> _Work instruction_
Top to bottom, output the entries that follow exactly.
Records: Begin
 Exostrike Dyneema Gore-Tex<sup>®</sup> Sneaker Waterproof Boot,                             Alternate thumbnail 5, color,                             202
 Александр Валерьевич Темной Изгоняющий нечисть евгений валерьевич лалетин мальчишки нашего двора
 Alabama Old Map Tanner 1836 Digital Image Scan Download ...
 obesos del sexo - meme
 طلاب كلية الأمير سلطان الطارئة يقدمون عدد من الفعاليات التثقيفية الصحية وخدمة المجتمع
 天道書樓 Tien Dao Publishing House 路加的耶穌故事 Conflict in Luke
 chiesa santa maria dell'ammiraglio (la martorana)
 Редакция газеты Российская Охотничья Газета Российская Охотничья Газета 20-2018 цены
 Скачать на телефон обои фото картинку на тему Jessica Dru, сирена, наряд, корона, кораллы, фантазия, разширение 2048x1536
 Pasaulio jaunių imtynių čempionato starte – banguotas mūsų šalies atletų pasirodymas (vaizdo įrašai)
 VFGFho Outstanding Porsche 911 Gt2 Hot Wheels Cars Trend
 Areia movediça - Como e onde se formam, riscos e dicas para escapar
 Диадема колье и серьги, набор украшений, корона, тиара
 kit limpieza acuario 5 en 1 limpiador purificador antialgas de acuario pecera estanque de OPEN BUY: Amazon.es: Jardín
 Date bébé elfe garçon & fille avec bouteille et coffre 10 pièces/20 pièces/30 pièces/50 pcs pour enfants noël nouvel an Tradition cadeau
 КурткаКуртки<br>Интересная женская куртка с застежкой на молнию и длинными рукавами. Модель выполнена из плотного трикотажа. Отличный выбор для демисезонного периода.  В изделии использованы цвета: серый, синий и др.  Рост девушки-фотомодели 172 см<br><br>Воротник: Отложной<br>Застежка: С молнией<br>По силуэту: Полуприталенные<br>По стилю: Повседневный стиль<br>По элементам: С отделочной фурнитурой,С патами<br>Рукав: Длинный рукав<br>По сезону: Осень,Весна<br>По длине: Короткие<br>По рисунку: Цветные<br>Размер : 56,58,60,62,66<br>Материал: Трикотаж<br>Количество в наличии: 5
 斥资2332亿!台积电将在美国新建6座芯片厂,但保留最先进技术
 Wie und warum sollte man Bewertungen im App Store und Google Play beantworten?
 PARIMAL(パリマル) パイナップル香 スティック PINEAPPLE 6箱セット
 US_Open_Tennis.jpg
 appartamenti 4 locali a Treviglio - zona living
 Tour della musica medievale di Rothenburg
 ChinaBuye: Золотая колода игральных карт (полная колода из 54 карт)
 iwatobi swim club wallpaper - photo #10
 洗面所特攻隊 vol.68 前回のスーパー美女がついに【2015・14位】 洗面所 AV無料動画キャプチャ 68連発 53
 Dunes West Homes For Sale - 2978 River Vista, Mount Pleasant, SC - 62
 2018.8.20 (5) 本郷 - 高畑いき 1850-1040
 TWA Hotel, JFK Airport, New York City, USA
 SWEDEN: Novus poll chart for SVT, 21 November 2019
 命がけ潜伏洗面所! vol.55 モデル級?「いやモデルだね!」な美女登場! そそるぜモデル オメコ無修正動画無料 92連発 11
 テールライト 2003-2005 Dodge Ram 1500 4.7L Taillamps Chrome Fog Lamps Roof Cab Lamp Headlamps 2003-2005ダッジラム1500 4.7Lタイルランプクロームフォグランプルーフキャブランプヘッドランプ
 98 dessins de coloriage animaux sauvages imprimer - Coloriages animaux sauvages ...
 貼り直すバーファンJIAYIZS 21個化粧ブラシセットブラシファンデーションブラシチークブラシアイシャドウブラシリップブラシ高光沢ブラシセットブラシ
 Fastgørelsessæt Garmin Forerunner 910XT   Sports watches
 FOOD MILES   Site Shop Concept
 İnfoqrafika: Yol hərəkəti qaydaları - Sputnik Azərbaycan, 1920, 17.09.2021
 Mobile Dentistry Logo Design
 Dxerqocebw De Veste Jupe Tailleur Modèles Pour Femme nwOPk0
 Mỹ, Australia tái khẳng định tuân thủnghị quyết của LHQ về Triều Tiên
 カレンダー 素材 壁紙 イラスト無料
Records: End
> _Worked solution_
 Exostrike Dyneema Gore-Tex<sup>®</sup> Sneaker Waterproof Boot,                             Alternate thumbnail 5, color,                             202
 Александр Валерьевич Темной Изгоняющий нечисть евгений валерьевич лалетин мальчишки нашего двора
 Alabama Old Map Tanner 1836 Digital Image Scan Download ...
 obesos del sexo - meme
 طلاب كلية الأمير سلطان الطارئة يقدمون عدد من الفعاليات التثقيفية الصحية وخدمة المجتمع
 天道書樓 Tien Dao Publishing House 路加的耶穌故事 Conflict in Luke
 chiesa santa maria dell'ammiraglio (la martorana)
 Редакция газеты Российская Охотничья Газета Российская Охотничья Газета 20-2018 цены
 Скачать на телефон обои фото картинку на тему Jessica Dru, сирена, наряд, корона, кораллы, фантазия, разширение 2048x1536
 Pasaulio jaunių imtynių čempionato starte – banguotas mūsų šalies atletų pasirodymas (vaizdo įrašai)
 VFGFho Outstanding Porsche 911 Gt2 Hot Wheels Cars Trend
 Areia movediça - Como e onde se formam, riscos e dicas para escapar
 Диадема колье и серьги, набор украшений, корона, тиара
 kit limpieza acuario 5 en 1 limpiador purificador antialgas de acuario pecera estanque de OPEN BUY: Amazon.es: Jardín
 Date bébé elfe garçon & fille avec bouteille et coffre 10 pièces/20 pièces/30 pièces/50 pcs pour enfants noël nouvel an Tradition cadeau
 КурткаКуртки<br>Интересная женская куртка с застежкой на молнию и длинными рукавами. Модель выполнена из плотного трикотажа. Отличный выбор для демисезонного периода.  В изделии использованы цвета: серый, синий и др.  Рост девушки-фотомодели 172 см<br><br>Воротник: Отложной<br>Застежка: С молнией<br>По силуэту: Полуприталенные<br>По стилю: Повседневный стиль<br>По элементам: С отделочной фурнитурой,С патами<br>Рукав: Длинный рукав<br>По сезону: Осень,Весна<br>По длине: Короткие<br>По рисунку: Цветные<br>Размер : 56,58,60,62,66<br>Материал: Трикотаж<br>Количество в наличии: 5
 斥资2332亿!台积电将在美国新建6座芯片厂,但保留最先进技术
 Wie und warum sollte man Bewertungen im App Store und Google Play beantworten?
 PARIMAL(パリマル) パイナップル香 スティック PINEAPPLE 6箱セット
 US_Open_Tennis.jpg
 appartamenti 4 locali a Treviglio - zona living
 Tour della musica medievale di Rothenburg
 ChinaBuye: Золотая колода игральных карт (полная колода из 54 карт)
 iwatobi swim club wallpaper - photo #10
 洗面所特攻隊 vol.68 前回のスーパー美女がついに【2015・14位】 洗面所 AV無料動画キャプチャ 68連発 53
 Dunes West Homes For Sale - 2978 River Vista, Mount Pleasant, SC - 62
 2018.8.20 (5) 本郷 - 高畑いき 1850-1040
 TWA Hotel, JFK Airport, New York City, USA
 SWEDEN: Novus poll chart for SVT, 21 November 2019
 命がけ潜伏洗面所! vol.55 モデル級?「いやモデルだね!」な美女登場! そそるぜモデル オメコ無修正動画無料 92連発 11
 テールライト 2003-2005 Dodge Ram 1500 4.7L Taillamps Chrome Fog Lamps Roof Cab Lamp Headlamps 2003-2005ダッジラム1500 4.7Lタイルランプクロームフォグランプルーフキャブランプヘッドランプ
 98 dessins de coloriage animaux sauvages imprimer - Coloriages animaux sauvages ...
 貼り直すバーファンJIAYIZS 21個化粧ブラシセットブラシファンデーションブラシチークブラシアイシャドウブラシリップブラシ高光沢ブラシセットブラシ
 Fastgørelsessæt Garmin Forerunner 910XT   Sports watches
 FOOD MILES   Site Shop Concept
 İnfoqrafika: Yol hərəkəti qaydaları - Sputnik Azərbaycan, 1920, 17.09.2021
 Mobile Dentistry Logo Design
 Dxerqocebw De Veste Jupe Tailleur Modèles Pour Femme nwOPk0
 Mỹ, Australia tái khẳng định tuân thủnghị quyết của LHQ về Triều Tiên
 カレンダー 素材 壁紙 イラスト無料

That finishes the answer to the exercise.